On a more strategic level, a delayed testing process can complicate the decision of which partnering companion diagnostics company to use; if there is a lack of clarity around the standard testing procedures used, pharma may choose a partner that allows for less than optimal coverage in the market.
Finally, there are fundamental issues around marketing strategy and messaging material – vital to the launch of any new product. After all, the most important aspect of marketing is to understand who your main stakeholders are; in the case of a biomarker-led product, identifying the person responsible for the testing decisions is challenging and so messaging concepts become difficult to design.

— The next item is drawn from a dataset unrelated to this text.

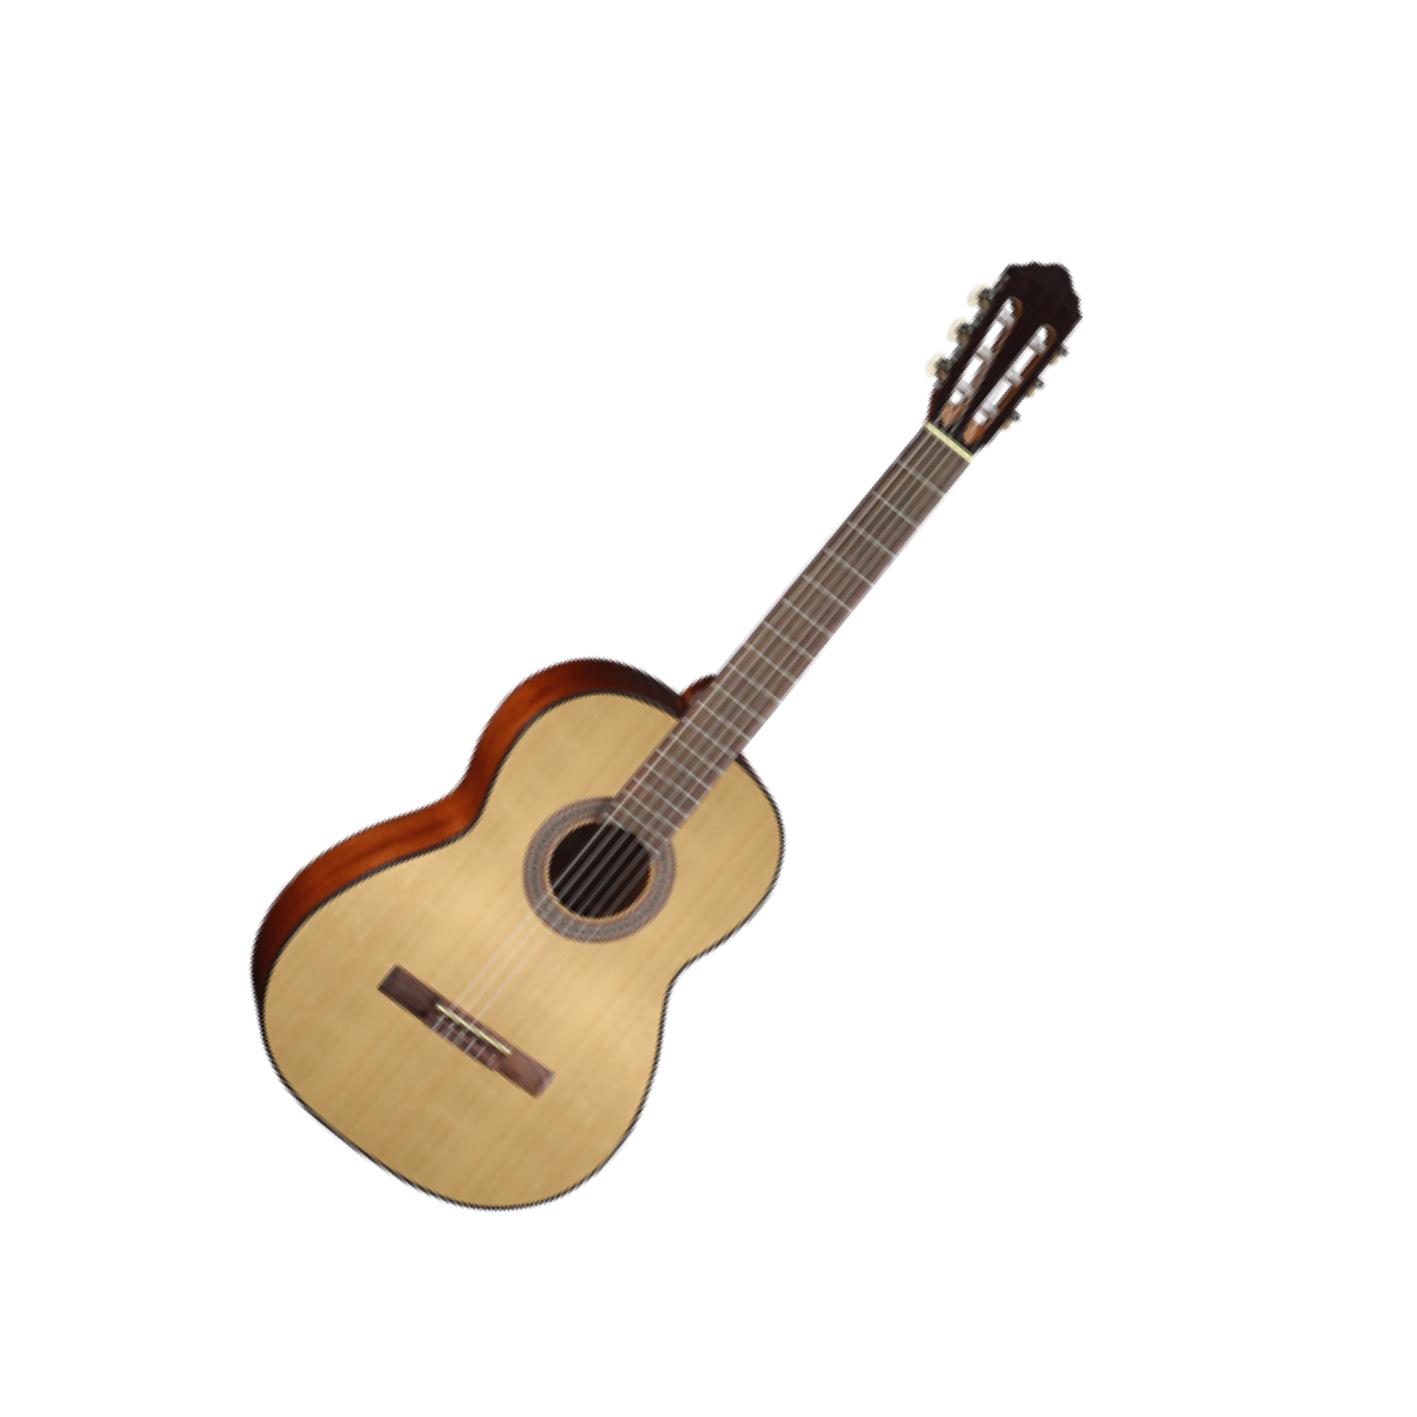 Cort AC100-BG-OP Classical Guitar w/ Bag

Looking at the bigger picture, whole strategic marketing campaigns can be put out of kilter if one market (in this case, the UK) is running to a very different timeframe from its neighbors.
The future outlook
The advent of new biomarkers and the growth of personalized therapies does present new challenges for pharma, from changes in the direction of pipelines to the evolution of clinical trial design. The diagnostics field is also changing, with increased regulations and new collaborations between pharmaceutical and diagnostic companies — as well as the emergence of new technologies. But with an oncology product costing an estimated £630m to bring to market, understanding the diagnostics stage is an increasingly important part of the R&D process.
As we’ve established, these strategic decisions are more difficult to make in the UK market, where testing procedures and key stakeholders can be unclear at the time of launch. Looking ahead, unless there is a concerted national shift in attitudes towards testing in the UK (such as we have seen in France, with a government-led aim of blanket oncology biomarker testing), the delay in biomarker uptake is unlikely to change. Only time will tell.
It also remains to be seen whether this will impact innovation in testing in the UK. Will there be a demand for new cutting-edge biomarker and genetic testing technologies — such as next generation sequencing — in a market where use of even the traditional methodologies sees slow adoption?
(1) Cowen and Company, Therapeutic Categories Outlook 2012.
(2) Oncologist 2011;16(4):467–78
About the Author
Amy Butcher is Director, Global Oncology Monitor at Ipsos Healthcare.